NEWSFLASH… NEWSFLASH…
            On the night of December 30th, at approximately 7:15 p.m., a certain individual by the name of Alex Beecher met an accident as he was crossing 80 Feet Road in the Koramangala area of Bangalore.  After topping up his mobile phone, he began the treacherous passage across with the intention of patronizing a favorite juice stand on the other side.  The first half of the crossing was remarkable for being unremarkable, and he had hopes that the second half of the crossing would be just as successful. 

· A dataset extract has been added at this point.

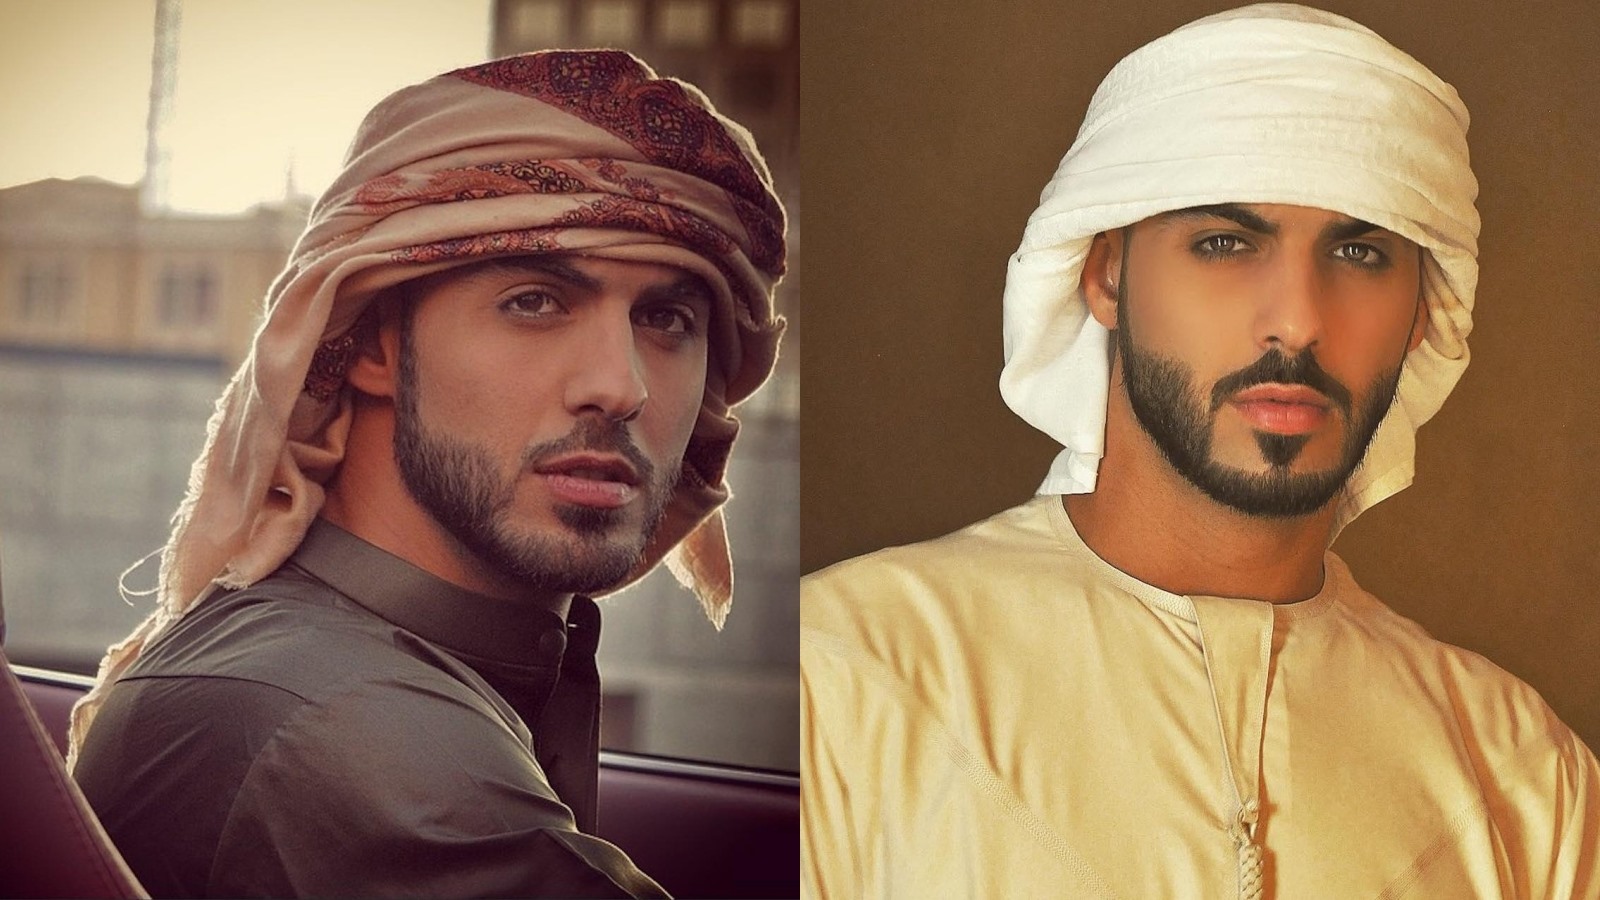 Từ một người mẫu vô danh, Omar Borkan Al Gala trở thành cái tên được săn đó sau sự cố “dở khóc dở cười“. Ảnh: Instagram nhân vật

Standing on top of the divider in the middle of the road, he saw an opening in the traffic and decided to make his move.  Keeping his eyes fixed on the approaching bus, he stepped down and pop…  He had landed awkwardly on his right foot, badly rolling his ankle, and stumbling forward into the road.  His first instinct was survival, so he immediately moved to regain the safety of the divider, but there was no need as, defying the law of conservation of momentum, the oncoming vehicle stopped to let him hobble across.
Thinking it was just a sprain, he walked it off, just as Dad always taught, and limped all the way back home where, upon taking off his shoe, he discovered a very disturbing bump on his foot, not the expected swelling around his ankle.  Judiciously, he decided to go to the hospital where an x-ray revealed an avulsion fracture at the base of the fifth metatarsal.

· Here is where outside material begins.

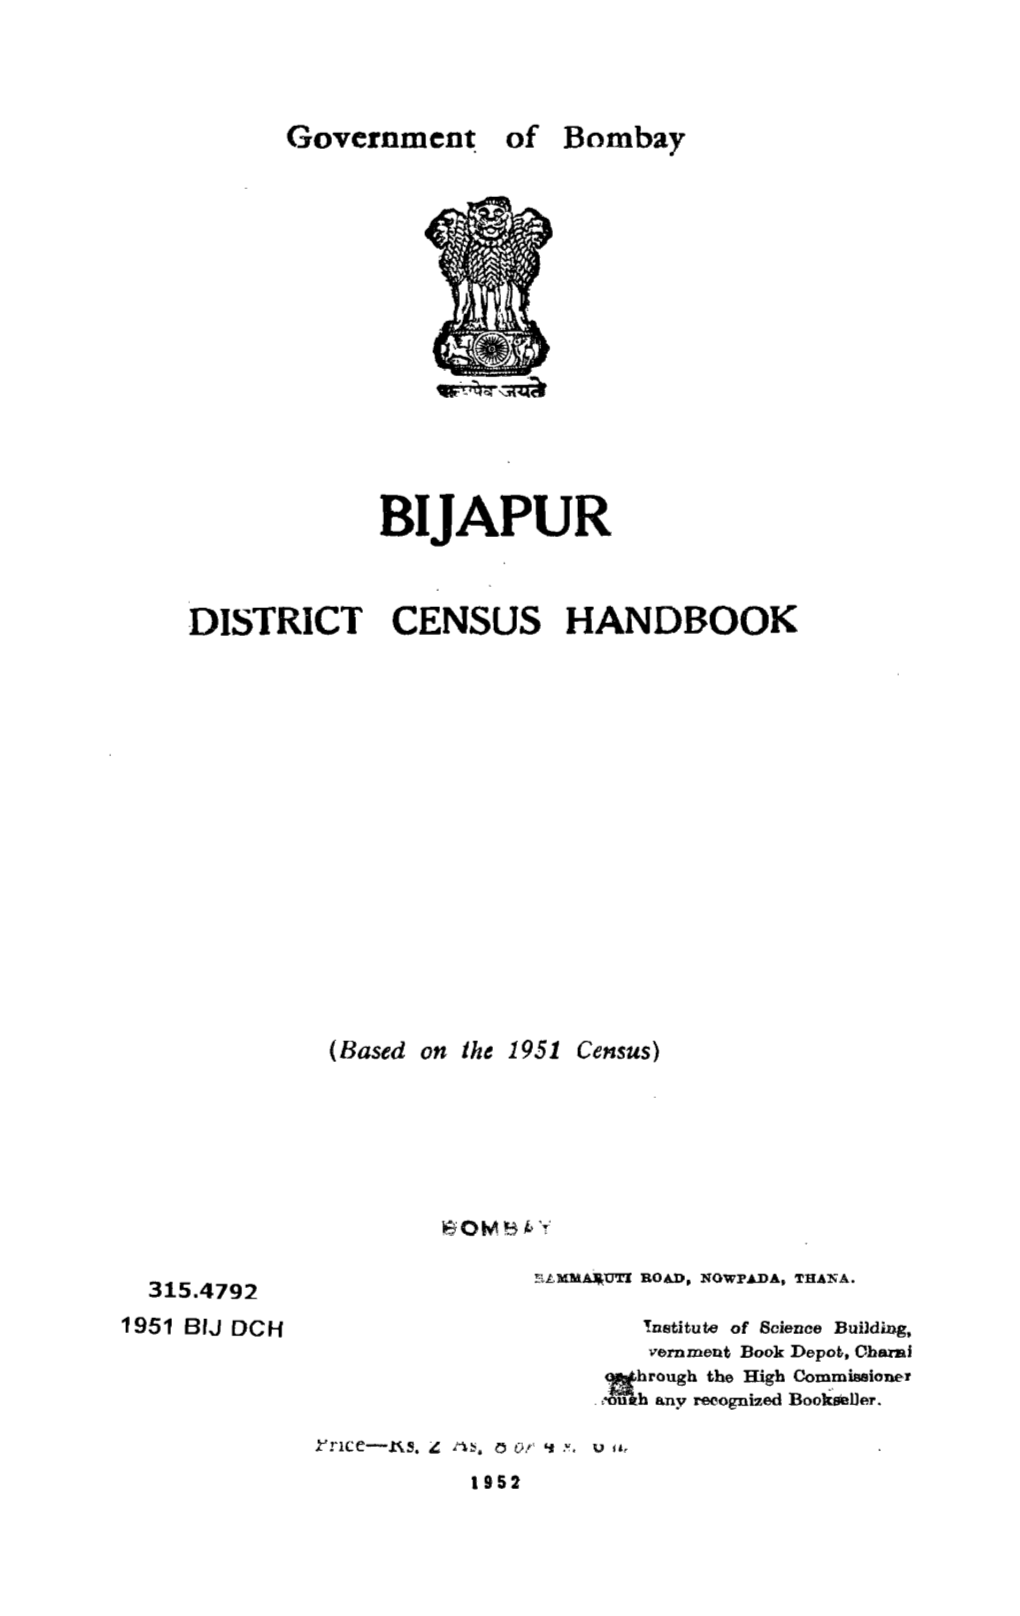 District Census Handbook, Bijapur

When asked about the incident, the involved party declined to comment.

My foot

The fracture

Noooooo…  I’ve got a broken foot, and I have to wear a stupid cast for at least 4 weeks, and I won’t be fully healed for at least 6, and then I have to do ankle exercises to regain ankle mobility, and, and, and, and OH, THE HUMANITY!!!

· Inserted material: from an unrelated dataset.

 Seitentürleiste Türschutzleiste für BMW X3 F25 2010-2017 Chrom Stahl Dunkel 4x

It could be worse.  It doesn’t really hurt that much, and I should make a full recovery, but what bad luck.  The only redeeming factor was my injury enticed my mother who hadn’t yet left India to return to Bangalore where she pampered me and ensured I didn’t go out on New Year’s Eve and do anything foolish.  We also made a furtive trip to Mysore to see Tipu Sultan’s famous palace, but don’t tell anyone at work about that (if you're curious, look at Interactive Mysore Palace).  Speaking of which, this injury does affect my ability to do lab work (if only indirectly, because I’m still physically capable of doing lab work; I’ve just been put on a tight leash by my boss), but I’ll let you know how it turns out.